The other day, in my on-going quest to find new, fresh music for my workout playlist, I found myself perusing the CD selection at my local library branch on my lunch break.
The library's CD collection is really a wonder to behold. It's dingy and dusty and it saddens me that nobody has ever really found an adequate way of storing CDs. There are those big ugly towers, but they are big and ugly and now that the 90s are over, are no longer really acceptable furniture items. There are those giant binders, but they're unwieldy and not at all ideal for a library where you want to make sure people can check them out with the case. I know people have tried doing drawers with slots for each case, but those are always jamming up, and if you have a double-disk set, well, tough luck, my friend. Tough luck.
This particular branch of the NYPL system, it seems, has also just given up on finding a decent way to shelve their CDs and settled for just jamming them in rows on the shelves right above their VHS collection. The result is a display that makes it not at all easy to browse and extremely easy to chip of break the cases.
But if you do brave the horrible shelving situation to peruse the collection, you will be in for a treat. (A very, very random assortment of treats, really.)
For the most part, you'd suspect that this collection was conceived and mostly furnished during, maybe 1999, when purchases like Jamiroquai's Synkronized and The Baha Men's Who Let the Dogs Out seemed like they might possibly become essential parts of the pop culture pantheon. Other odd choices: Today's Country Dance Hits Back to Back (various artists), 98 Degrees and Rising (98 Degrees), and many, many copies of compilation albums from Entertainment Weekly and Billboard -- Greatest Hits - 1972, Pure Disco Hits, etc.
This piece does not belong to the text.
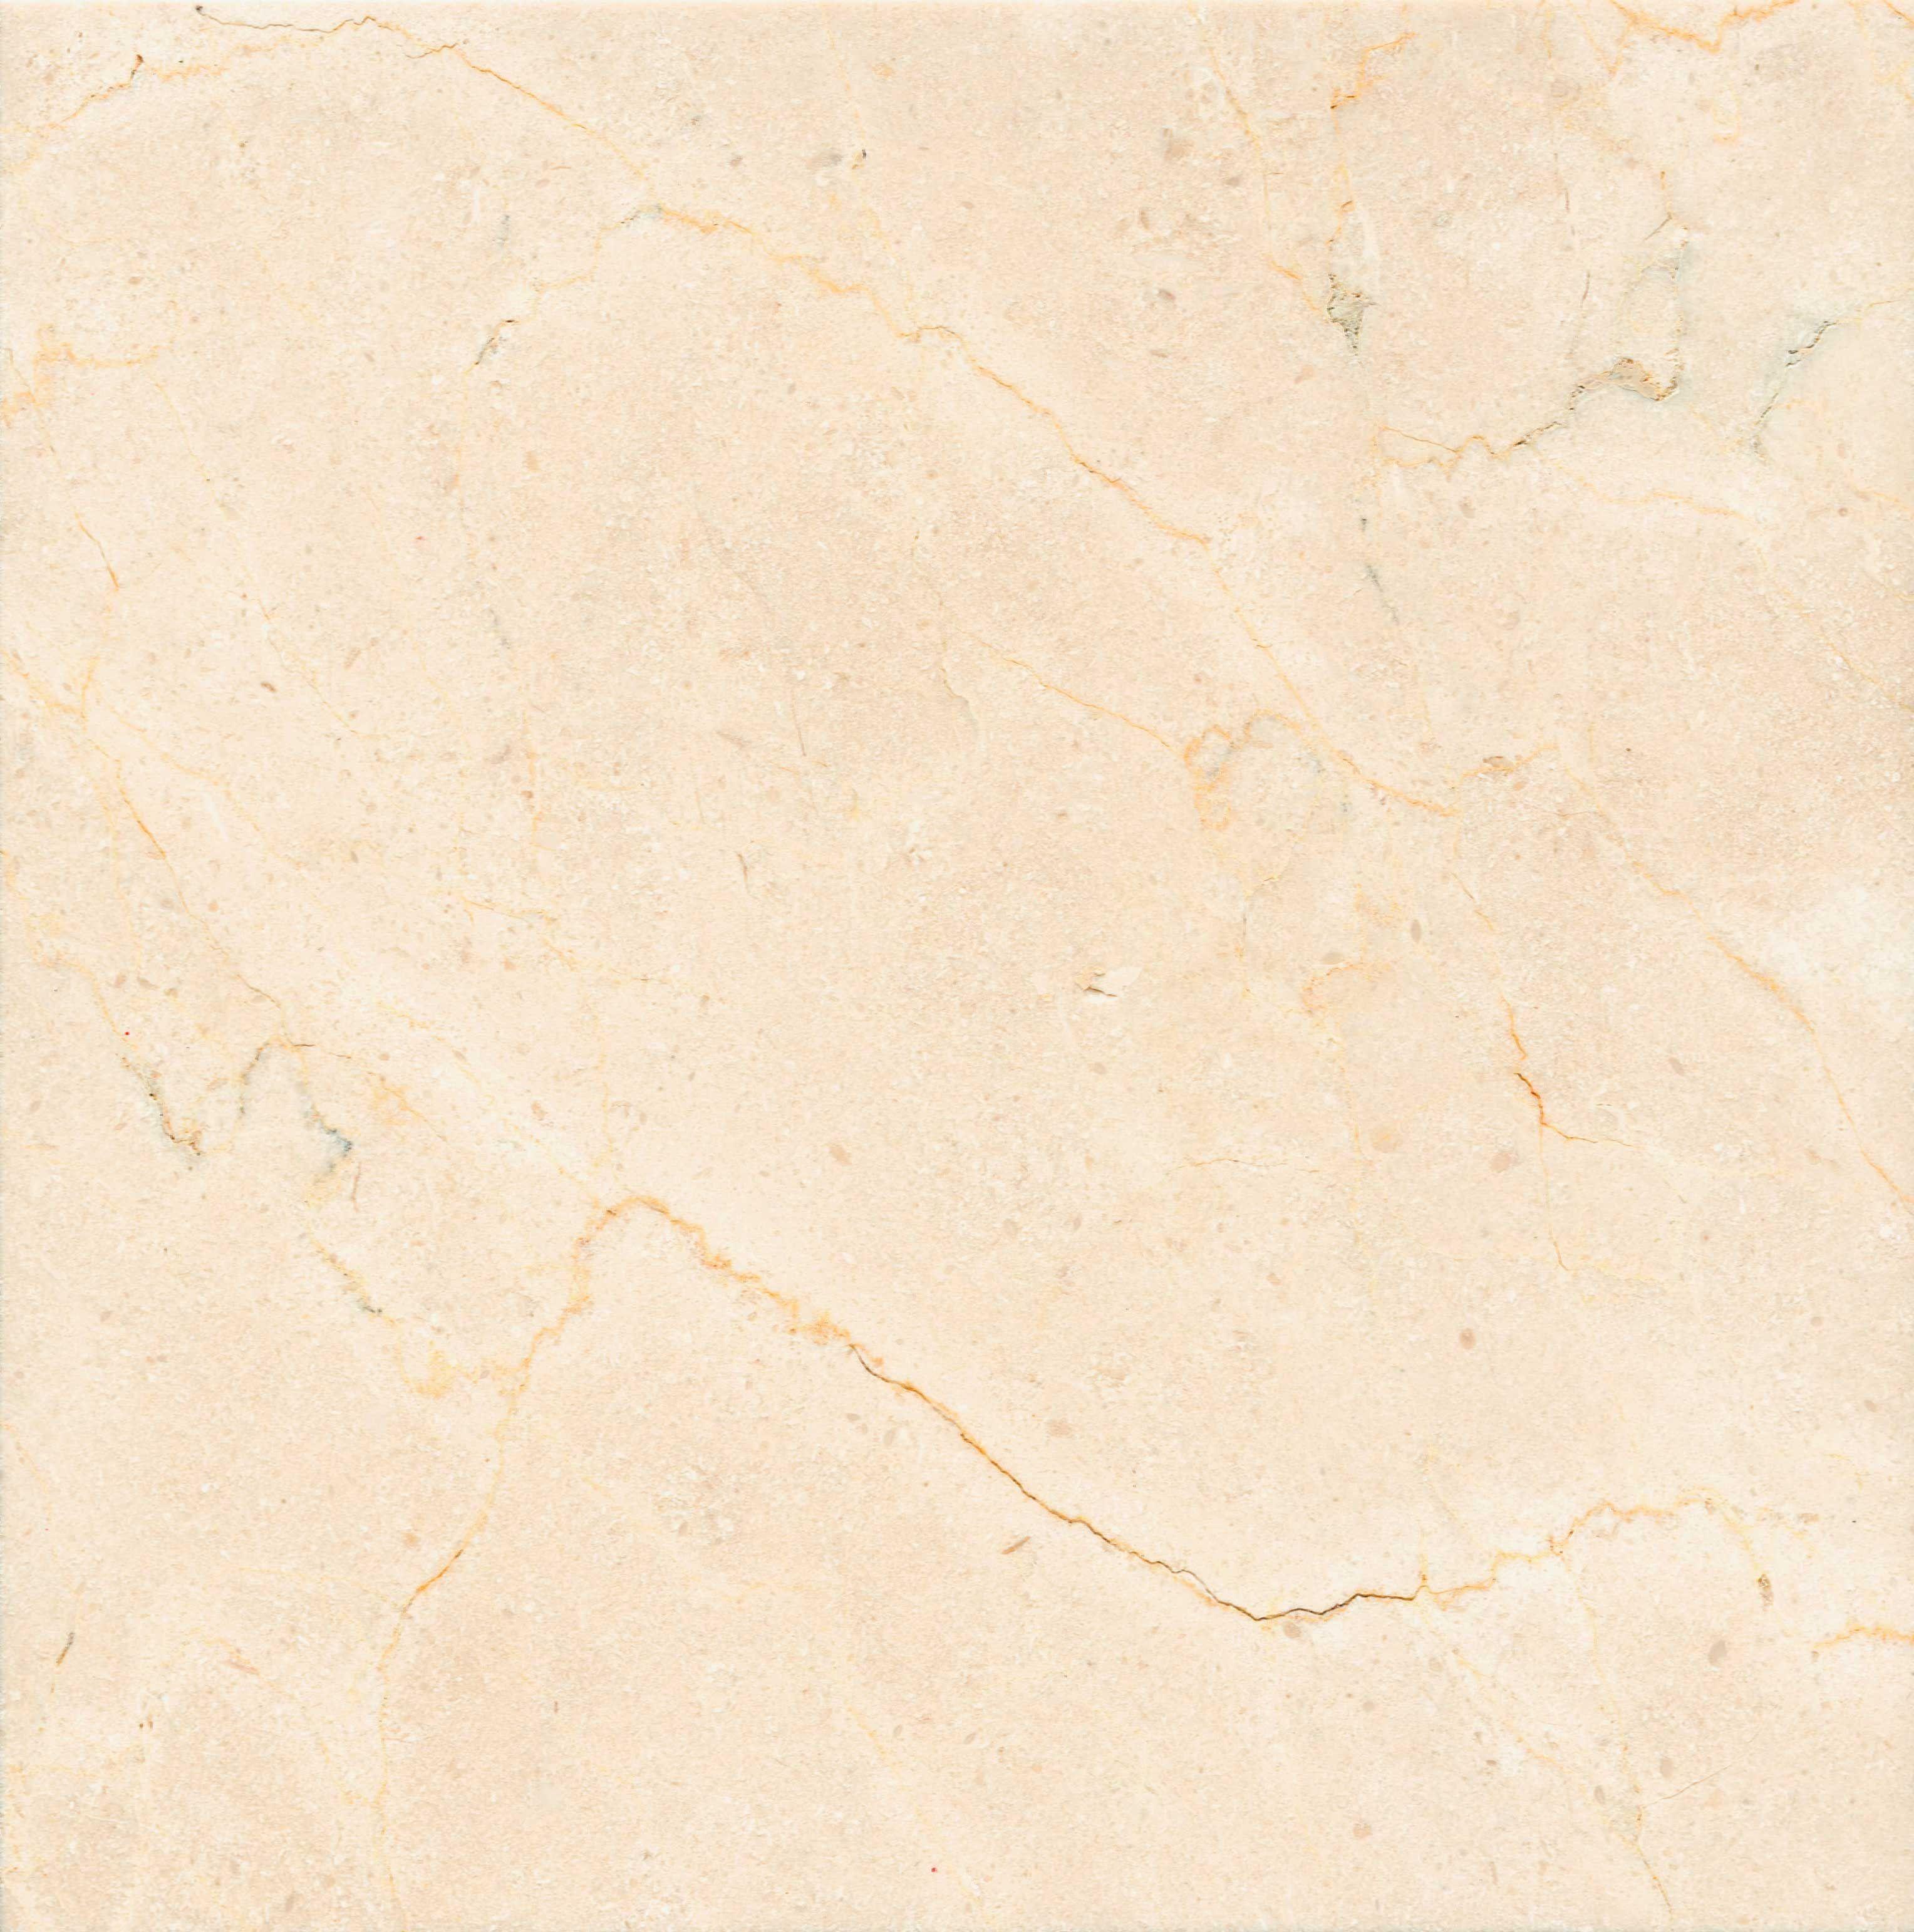 Marmol Crema Marfil Marble Natural Stones Interior Decorating
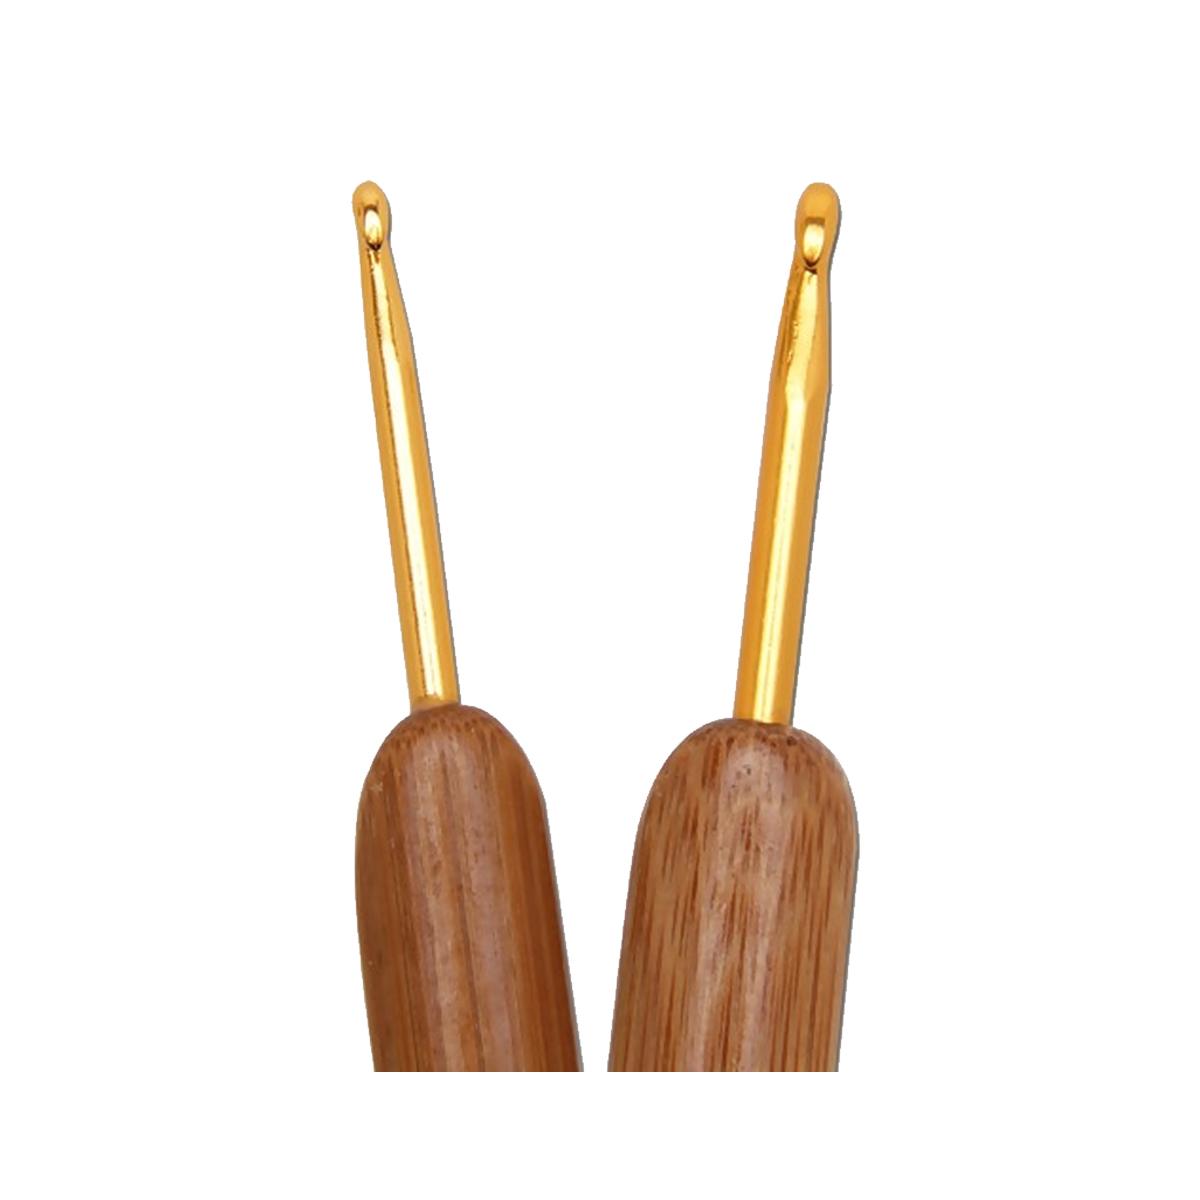 Agulha para Crochê cabo de Bambu Círculo S/A

In the end, I picked up a John Fogerty greatest hits CD, one of those Entertainment Weekly compilations, and Melissa Etheridge's Yes I Am, feeling a vague twinge of nostalgia for a brief period in the fall of seventh grade where I waited long hours by the radio, poised to hit "record" as soon as "I'm The Only One" came on the radio. (Really, a great song, especially when you're 12 and most certainly the only one who has ever endured the horrible miseries of life and unrequited love.)
Kids today with their playlists and itunes are really missing a great preteen experience of forming mixtape masterpieces. It's really a lost art -- trying to hit the button in time to get the maximum amount of song with the minimum amount of DJ banter, and then stopping the recording before the DJ banter/next song/commercial begins. But, whatever. Now I have "I'm The Only One" on my mp3 player too.